Minimum Window Substring

2017-09-10

Description

This is a post regarding the solution to a substring problem which follows a pattern that is quite common among substring problems: it is solvable with a pair of fast and slow iterators.

This problem can often appear as an interview question or as part of a competitive programming problem in sites such as LeetCode and Codeforces.

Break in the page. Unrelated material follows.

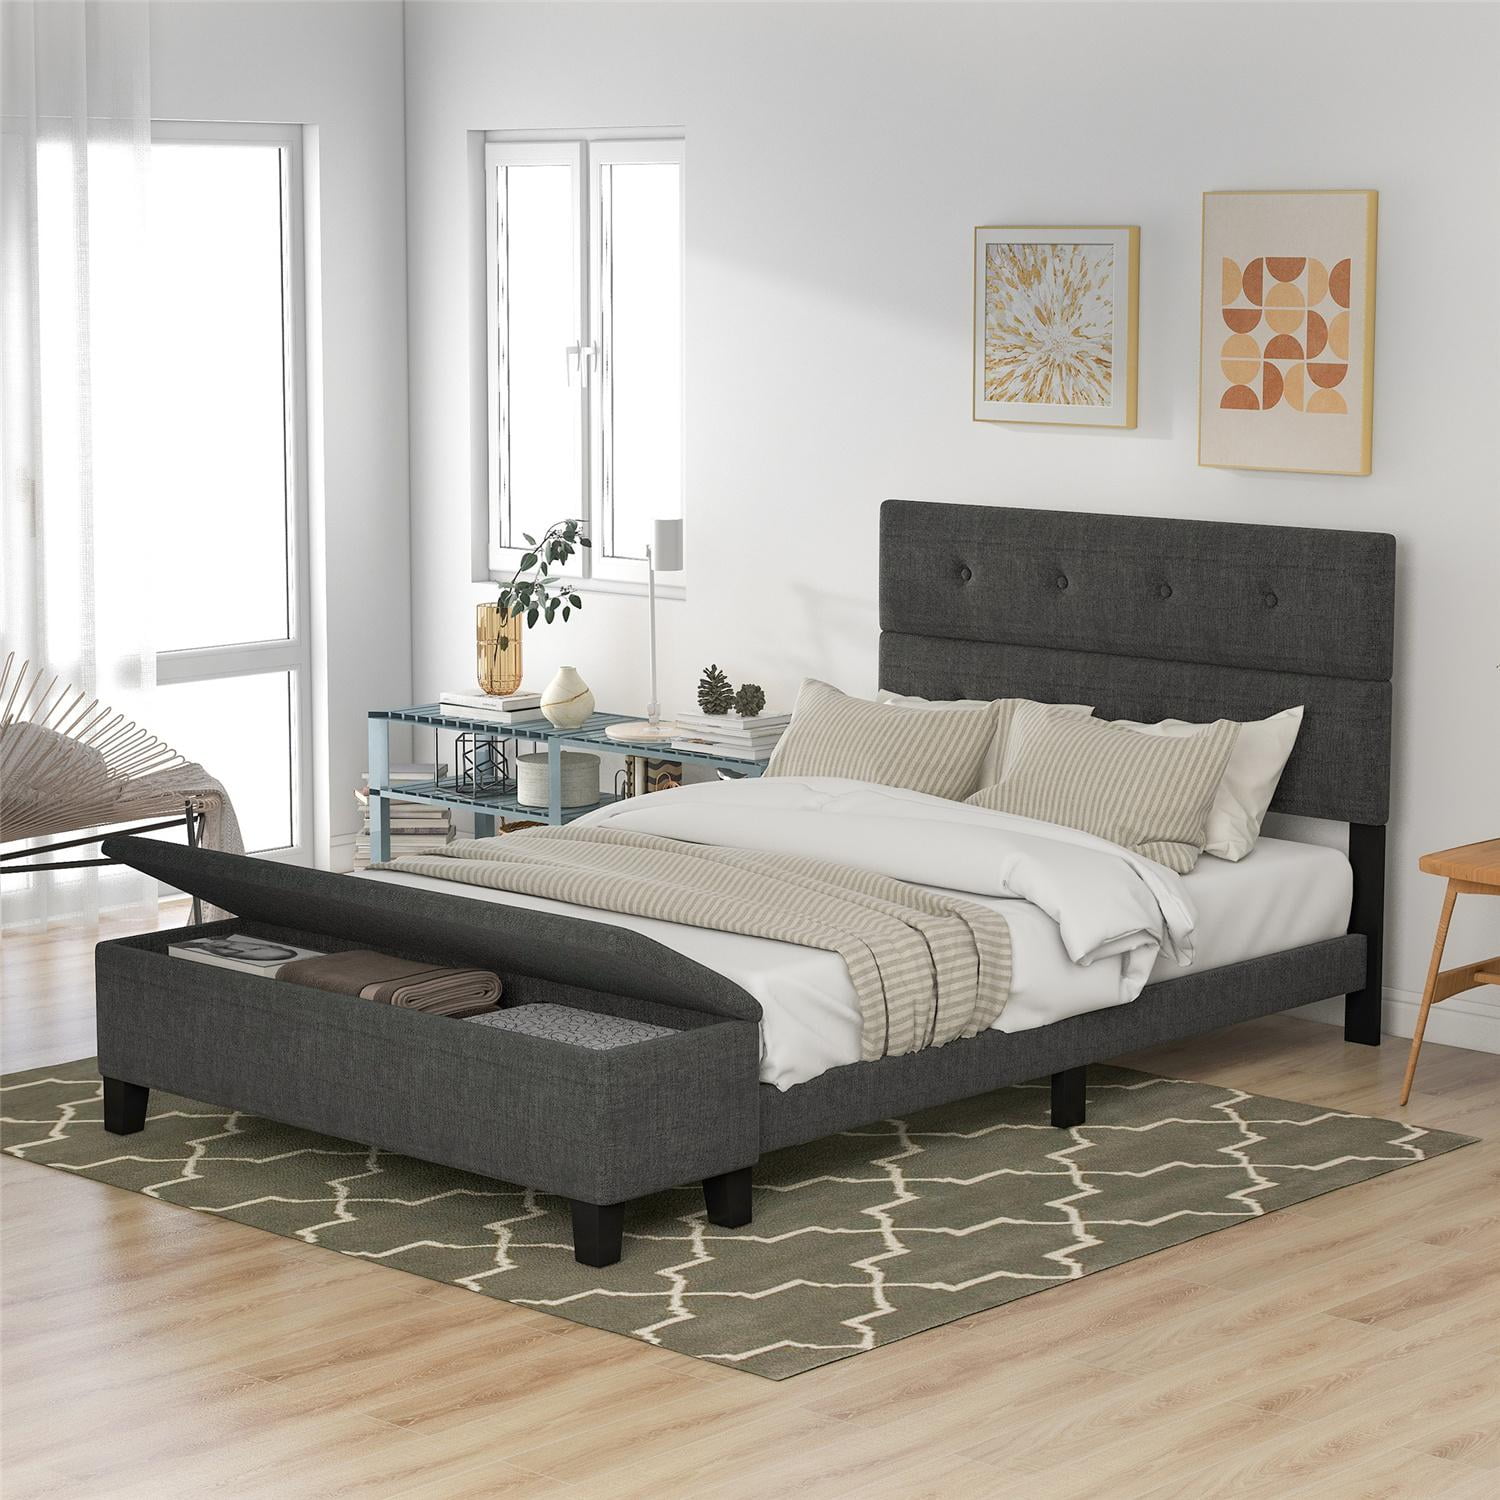 Cheap queen size beds with mattress

If this is not possible, we will return the empty string.

Problem Statement

Given two strings, S and T, find the minimum window in S which will contain all the characters in T (with their frequencies) in linear time.

S T Answer
"" "" ""
"" "A" ""
"A" "" ""
"A" "A" "A"
"A" "AB" "A"
"ADOBECODEBANC" "ABC" "BANC"
"ADOBECODECABANC" "ABC" "CAB"

C++ Solution

string minimum_window_substring(string s, string t) {
  if (t.empty()) {
    return "";
  }
  // Frequency in the token.
  unordered_map<char, size_t> tf;
  for (char c : t) {
    tf[c]++;
  }
  // Frequency in the string.
  unordered_map<char, size_t> sf;
  // How many characters we have to match.
  const auto target = t.size();
  const auto n = s.size();
  size_t best_i = 0;
  const auto no_size = numeric_limits<size_t>::max();
  size_t best_size = no_size;
  size_t slow = 0;
  size_t fast = 0;
  size_t matched = 0;
  // Advance fast until we met the target.
  // Then shrink with slow until we no longer meet the conditions.
  // As this advances each pointer at most N times, this is O(n).
  while (slow < n && fast < n) {
    sf[s[fast]]++;
    if (sf[s[fast]] <= tf[s[fast]]) {
      matched++;
    }
    fast++;
    // Here, the range is [slow, fast).
    while (matched == target && slow < fast) {
      const size_t match_size = fast - slow;
      if (match_size < best_size) {
        best_i = slow;
        best_size = match_size;
      }
      sf[s[slow]]--;
      if (sf[s[slow]] < tf[s[slow]]) {
        matched--;
      }
      slow++;
    }
  }
  if (best_size == no_size) {
    return "";
  }
  return s.substr(best_i, best_size);
}